Алексей Николаевич почувствовал, что бледнеет, что гнев сжимает ему горло.

- Хорошо, я приму меры, - хрипло сказал он капитану, который привел малыша. Те ушли.

В жизни почти каждого воспитателя бывают минуты, когда он теряет контроль над собой, может непоправимо испортить несправедливостью долголетний труд, навсегда восстановить против себя ребенка, лишиться авторитета. Этих минут затмения, после которых долго бывает мучительно стыдно, надо избегать, как глубокой ямы в реке.
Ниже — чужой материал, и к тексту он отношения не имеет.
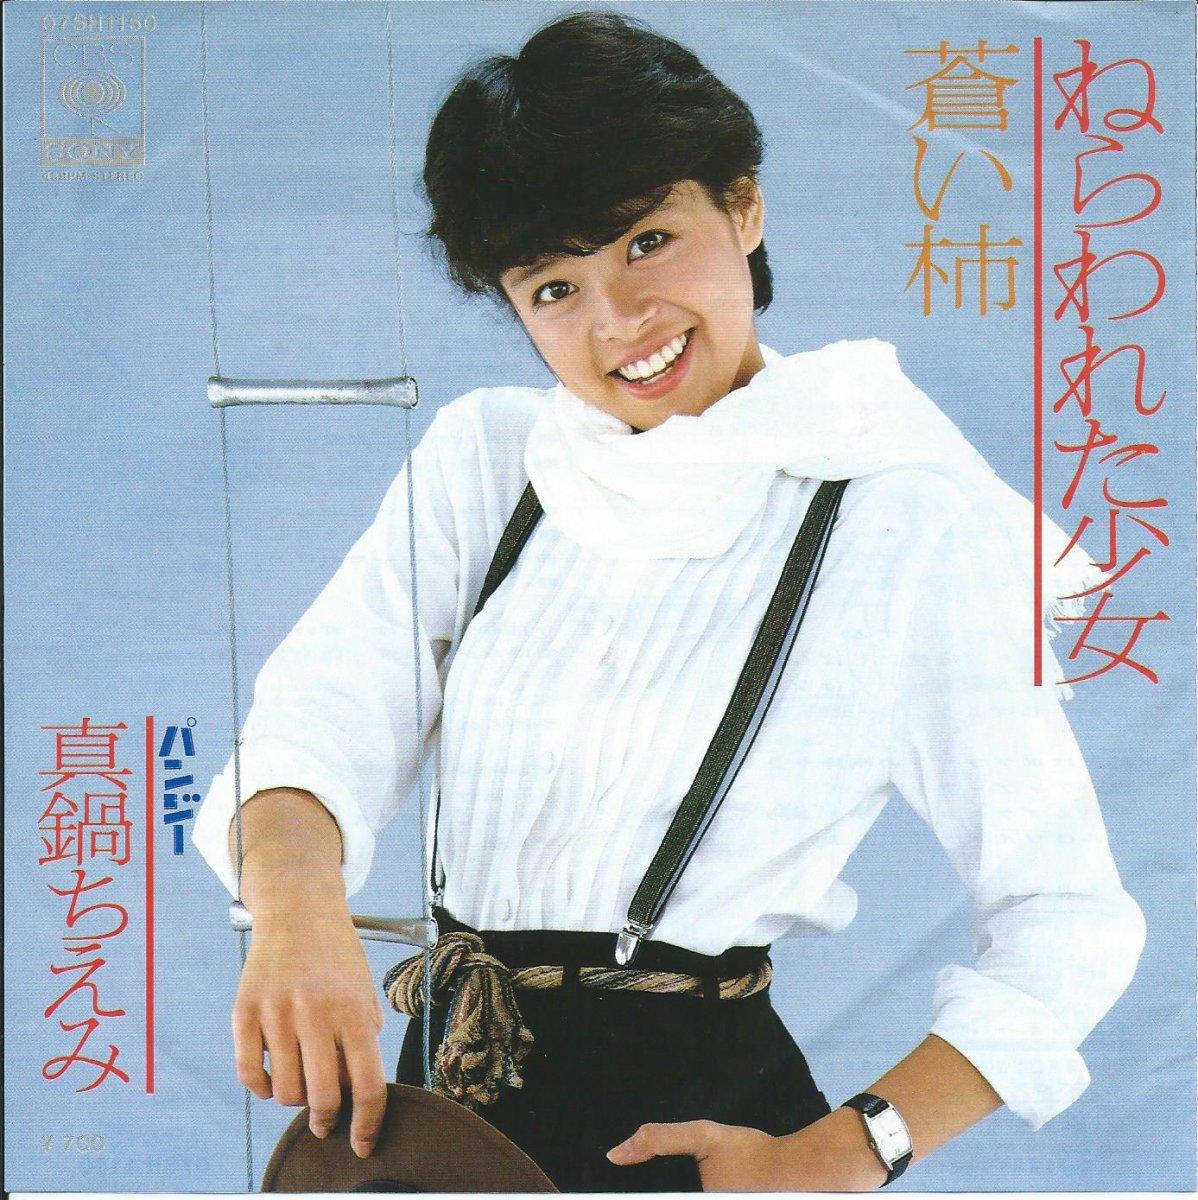 真鍋ちえみ (パンジー) CHIEMI MANABE / ねらわれた少女 / 蒼い柿 (7
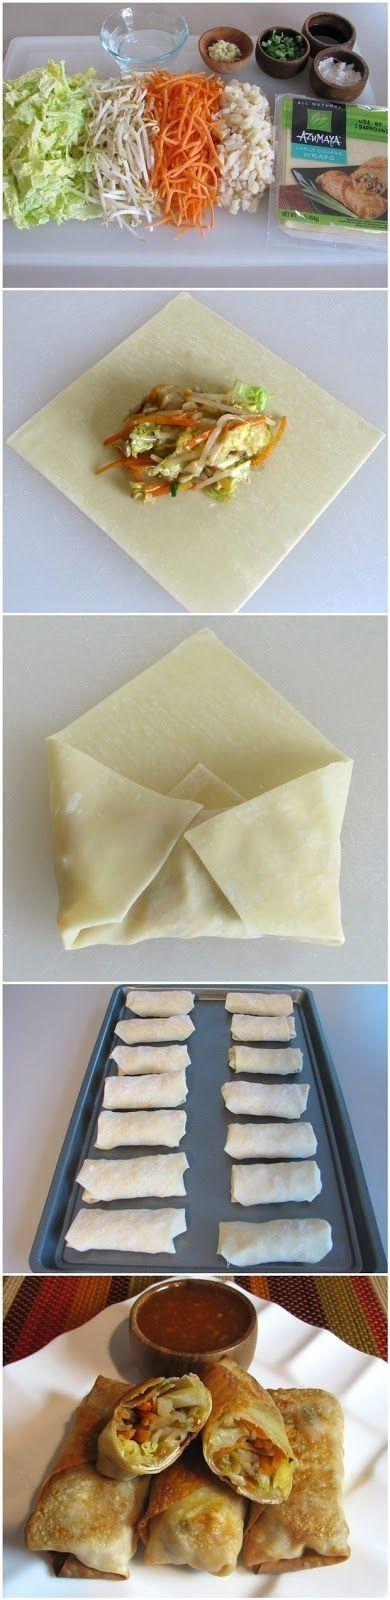 Baked rollitos de verduras

Беседа подозвал Артема. Срывающимся голосом закричал так, что ребята, стоящие вдали, насторожились:

- Как вы смеете позорить нас!

Артем, ничего не понимая, поднял глаза на капитана и, увидя его лицо - бледное, расстроенное, гневное, - таким оно никогда еще не было, - испугался. - Не за себя, хотя и понял сразу, что его обвиняют в чем-то тяжелом и несправедливом а за этого человека, ставшего для него родным отцом.

- Товарищ капитан, - успокаивающей скороговоркой зачастил он, - да вы не волнуйтесь… вы успокойтесь… товарищ капитан…

- Уходите с моих глаз! - провалился в яму Беседа. - Немедленно! - Офицер забегал в палатке, лихорадочно раскуривая трубку. "Значит, ничто не пошло ему в прок, опять за старое взялся… все, что я делал - бессмыслица… Значит, обманывался, считая, что добился правдивости, не оправдалась моя доверчивость, с которой отдавал на хранение любому в отделении ключи от своего шкафа, преждевременна была радость при виде нетронутой, "случайно" забытой им соблазнительной вещи. И глубокая вера, с которой говорил отделению: "У нас все честные" - оказалась самовнушением!".

А часом позже снова пришли воспитатель и пострадавший. На нем был ремень и малыш довольно улыбался.

- Ошибся, - как ни в чем не бывало, объяснил он, - мы в другой роте ремень мой нашли.

Лоснящиеся щеки крепыша показались Беседе отвратительными. Он отвернулся. Надо было исправлять свою ошибку. Офицер собрал отделение. Рассказал о происшедшем. С трудом подняв глаза, мысленно нанося самому себе удар, сказал:

- Я виноват перед вами, что мог дурно подумать об одном из членов нашего коллектива. А вас, Каменюка, прошу извинить меня вдвойне - за несправедливость.

Артем не знал, что ответить, смущенно бормотал: "Да ну, что вы, товарищ капитан, ну, что вы?"

Все деликатно молчали; в этом молчании проступали гордость и достоинство. И по тому, как смотрели ребята на Алексея Николаевича с сочувственным участием, как смотрят на человека, перенесшего болезненный припадок, он понял, что помилован.

* * *

…Сергей Павлович посоветовал секретарю комсомольской организации первого взвода Гербову провести в воскресенье комсомольский вечер "У карты родины" и пригласить молодежь из Яблоневки. Комсомольцы с большой охотой взялись за подготовку этого вечера. Андрей смастерил огромную карту; крохотными вышками, заводиками, плотинами обозначил на ней новостройки пятилетки. Карту вывесили на поляне, на двух деревцах.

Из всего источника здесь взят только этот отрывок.